_ASSIGNMENT:_ Using the entries below, copy exactly each line from the line with "森の庭 緑 和 宇治茶の香り" up to and including the line with "Shopping mall, Wangfujing", with every picture left out.

== MATERIAL TO PROCESS ==

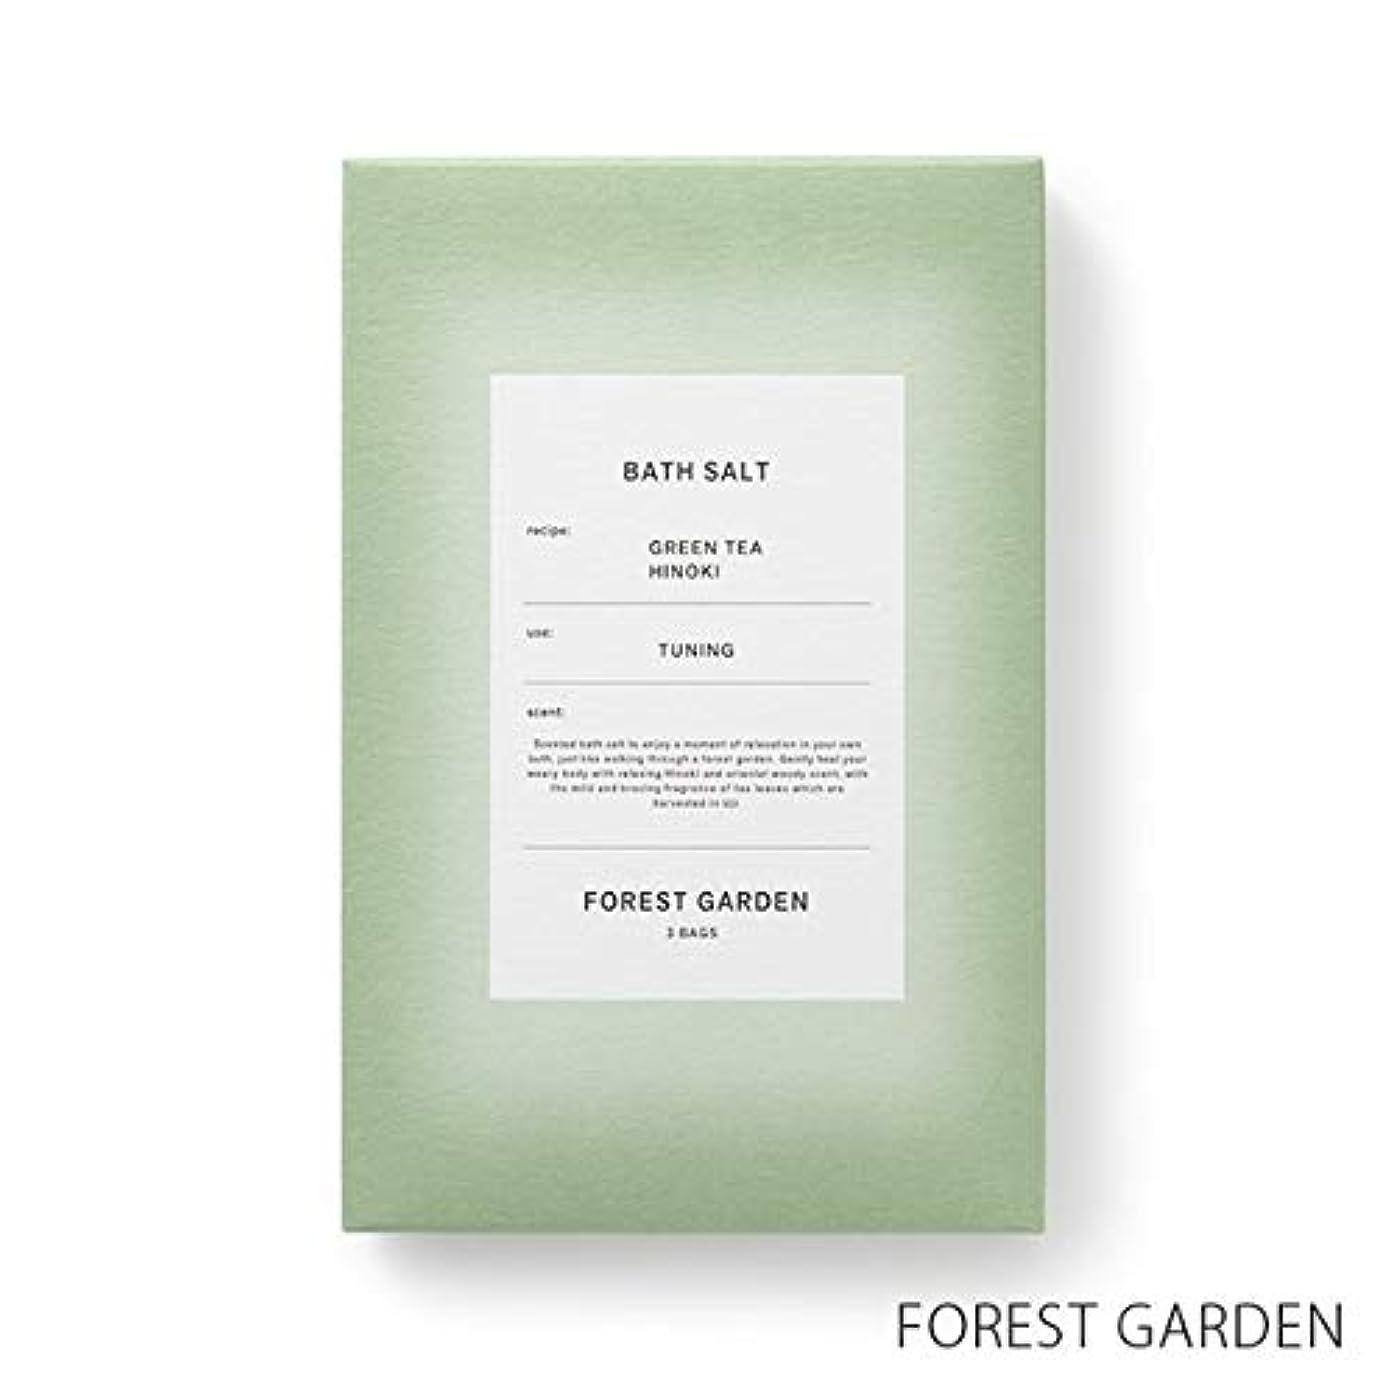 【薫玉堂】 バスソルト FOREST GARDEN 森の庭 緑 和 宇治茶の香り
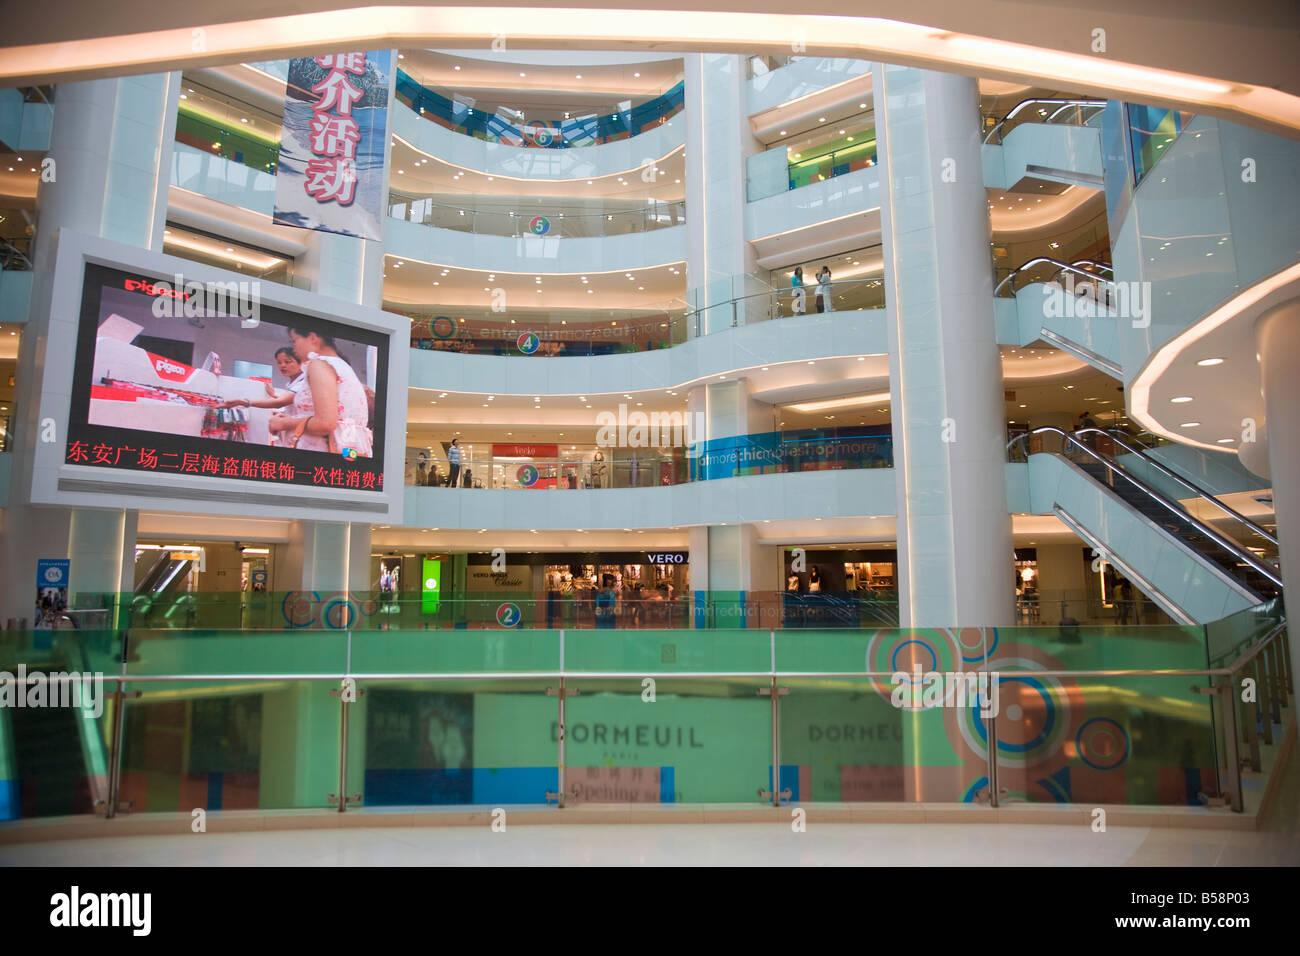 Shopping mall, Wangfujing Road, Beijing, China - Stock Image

===
== MATERIAL TO PROCESS ==

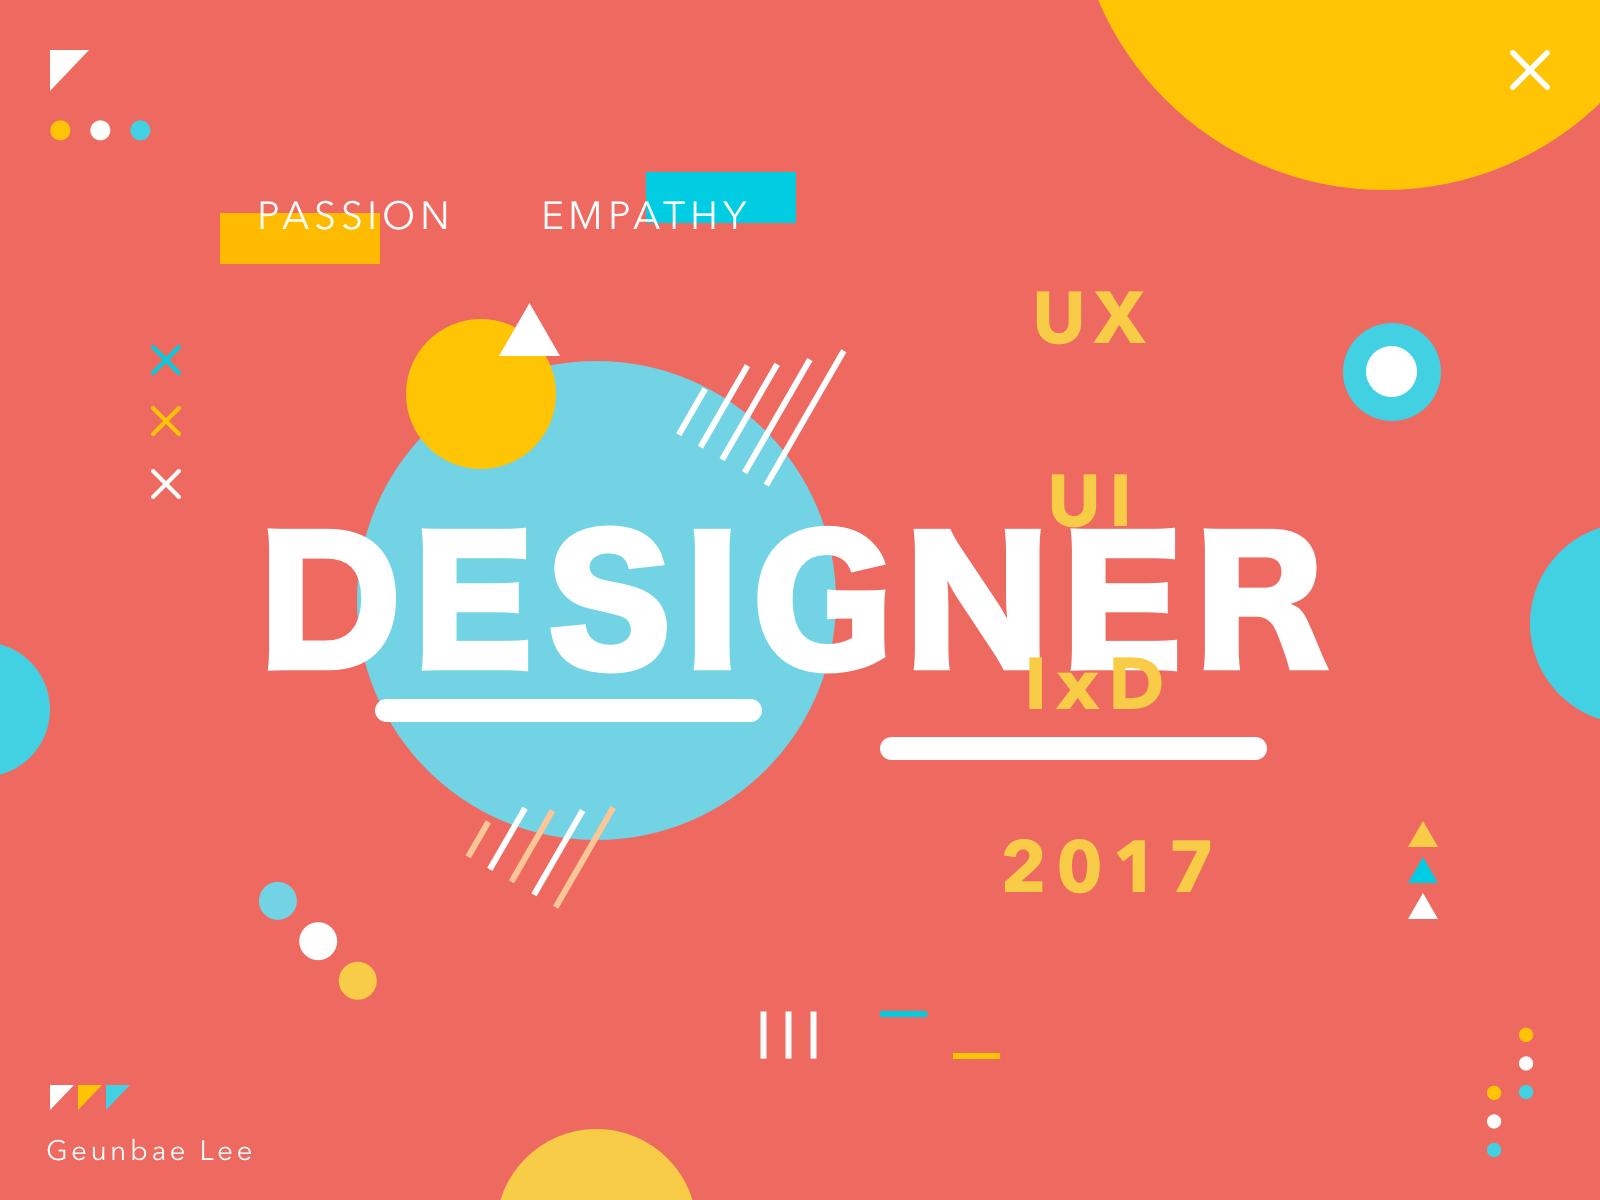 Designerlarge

===

_ANSWER BOX:_
 【薫玉堂】 バスソルト FOREST GARDEN 森の庭 緑 和 宇治茶の香り
 Shopping mall, Wangfujing Road, Beijing, China - Stock Image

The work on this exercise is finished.